On May 12, Yen Yi-Tsai, General Manager of T.S. Lines, stated that global container shipping rates have stopped falling and are rising again, with expectations that they will continue to rise in the third and fourth quarters. Progress in the US-China tariff negotiations has helped restore market confidence, and the rebound in shipping rates is closely tied to changes in tariff policies. Shipping companies, flush with cash, have shifted their strategy to maintaining stable capacity and are no longer slashing prices to compete for cargo. With US retailers holding low inventory levels, a wave of restocking is expected to push shipping rates higher. Key factors influencing shipping rates include tariffs, the US dollar, US Treasury bonds, and geopolitical risks.

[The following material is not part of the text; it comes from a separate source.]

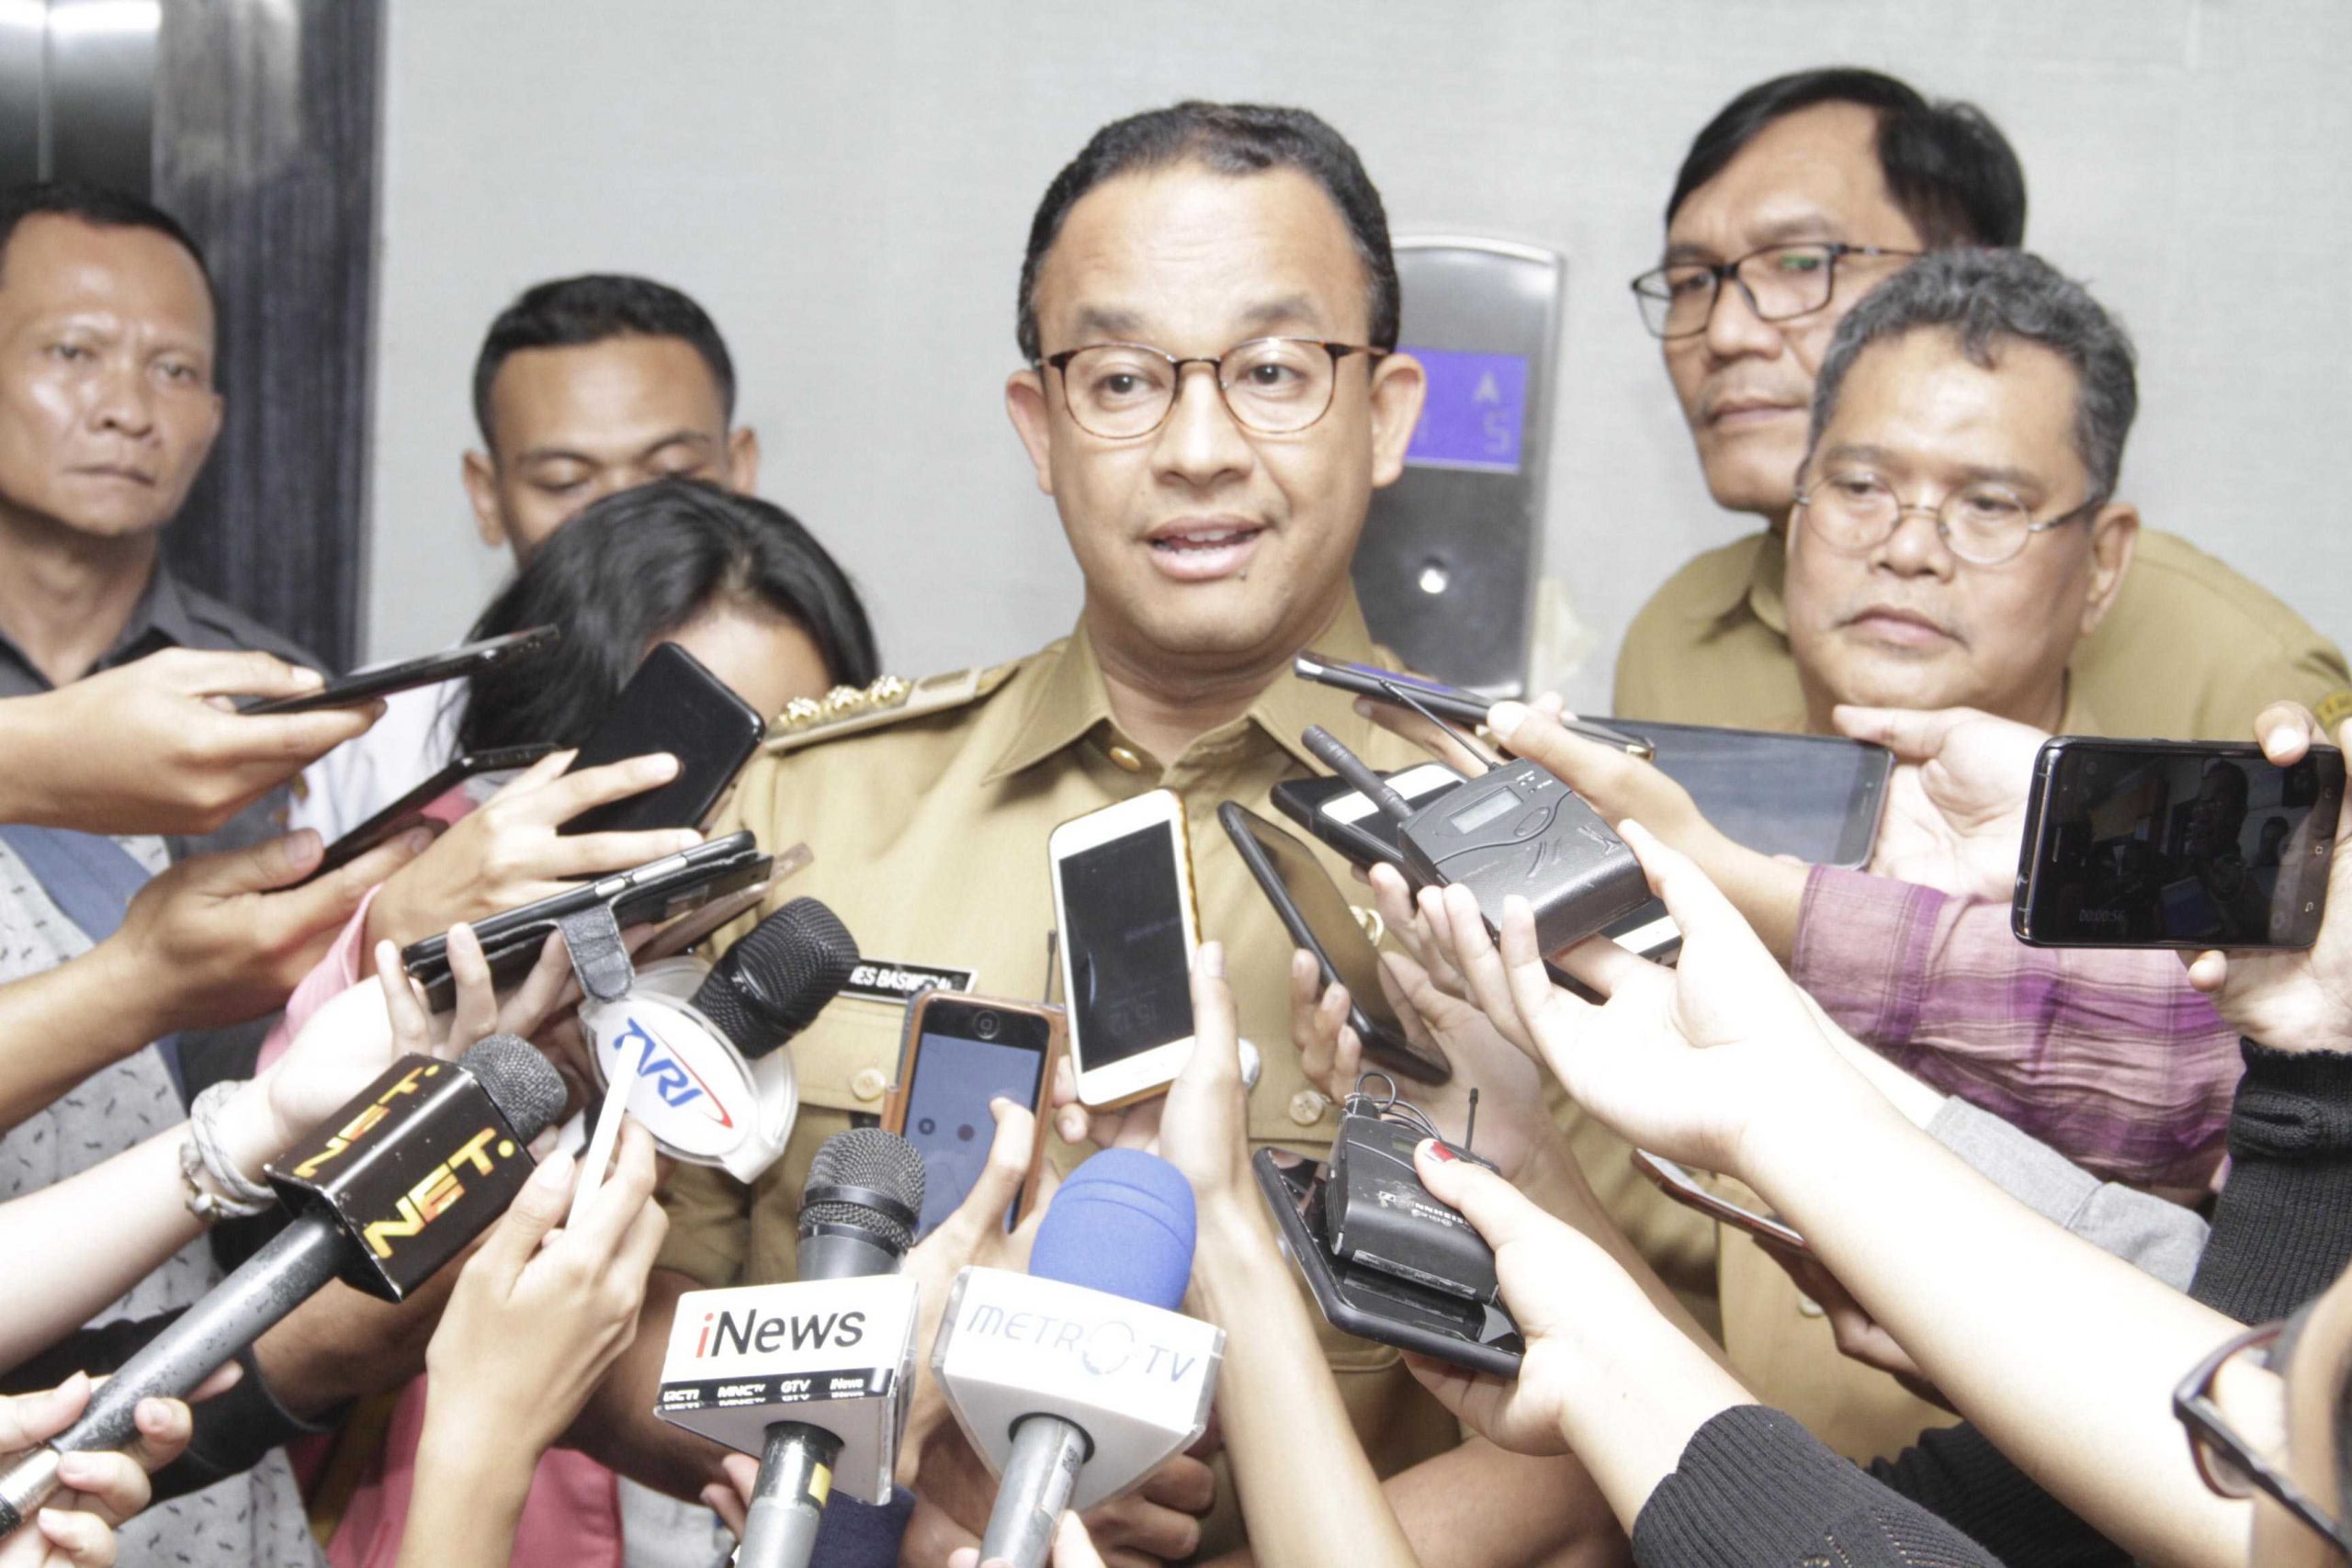 Gubernur DKI Jakarta Dipanggil KPK Terkait Formula E, Anies: Semuanya Menjadi Lebih Jelas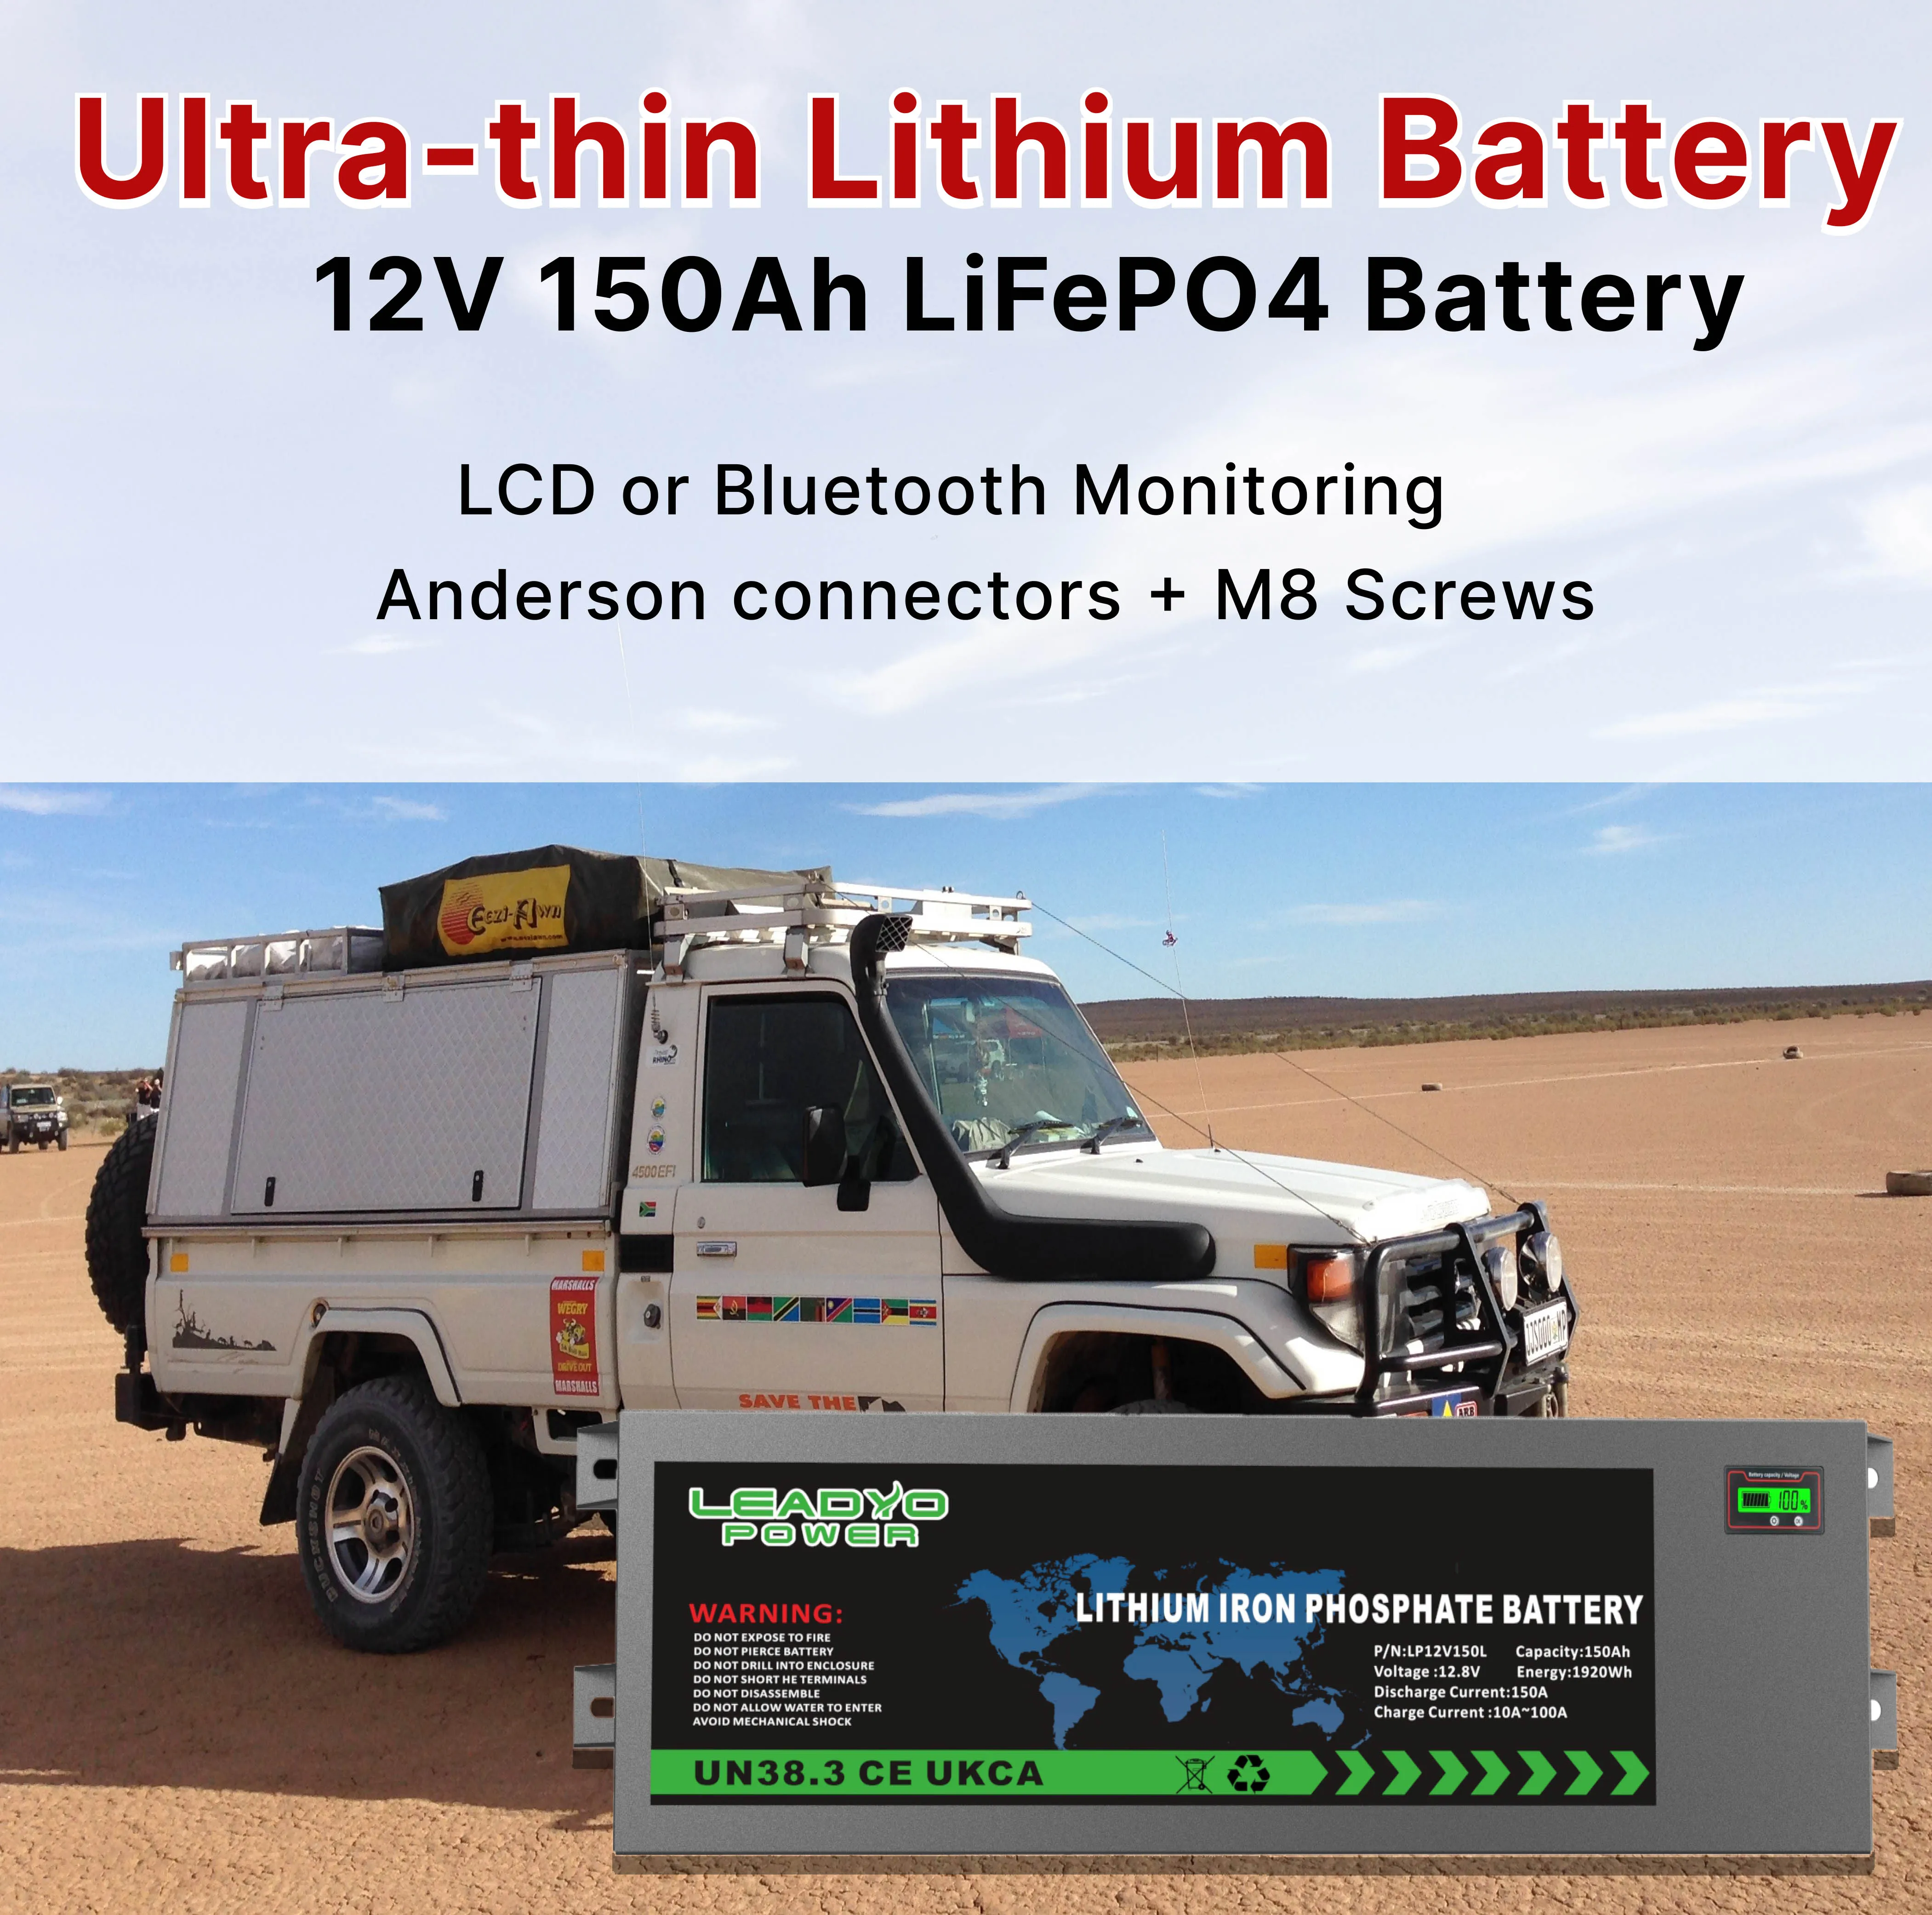 12V 150Ah Slim line Ultra-thin Lithium LiFePO4 Battery details

Progress in US-China Tariff Negotiations, Freight Rates Stop Falling and Begin to Rise
In a corporate briefing on May 12, T.H.I. General Manager Yen Yi-Tsai pointed out signs of a breakthrough in recent US-China tariff negotiations. Although only a preliminary framework has been reached, it is enough to stabilize market confidence. He stated that freight rates have stopped declining since the second quarter and have begun to show a gradual upward trend, with expectations that they will continue to rise in the third and fourth quarters.
Yen Yi-Tsai pointed out that the recovery in freight rates is closely related to adjustments in US-China tariff policies. Recently, the US reduced tariffs on some Chinese goods from 145% to 30%, leading to an increase in cargo volume on the China-US route as goods previously stored in bonded warehouses in Canada, Mexico, and the US were released. Freight forwarders also estimate that by the end of May, there will be a noticeable increase in both price and volume on the China-US line.
Shipping Companies' Strategy Shift: No More Price Cutting to Secure Cargo
Unlike in the past, shipping companies are no longer significantly cutting prices to secure cargo due to insufficient volume. Yen Yi-Tsai noted that the three major shipping alliances currently control about 80% of the global shipping capacity, making it difficult for smaller carriers to impact market prices even if they lower rates. Large shipping companies like Evergreen (2603), with over 200 billion in cash, have a strong financial position and no longer need to engage in price-cutting competition to maintain operations.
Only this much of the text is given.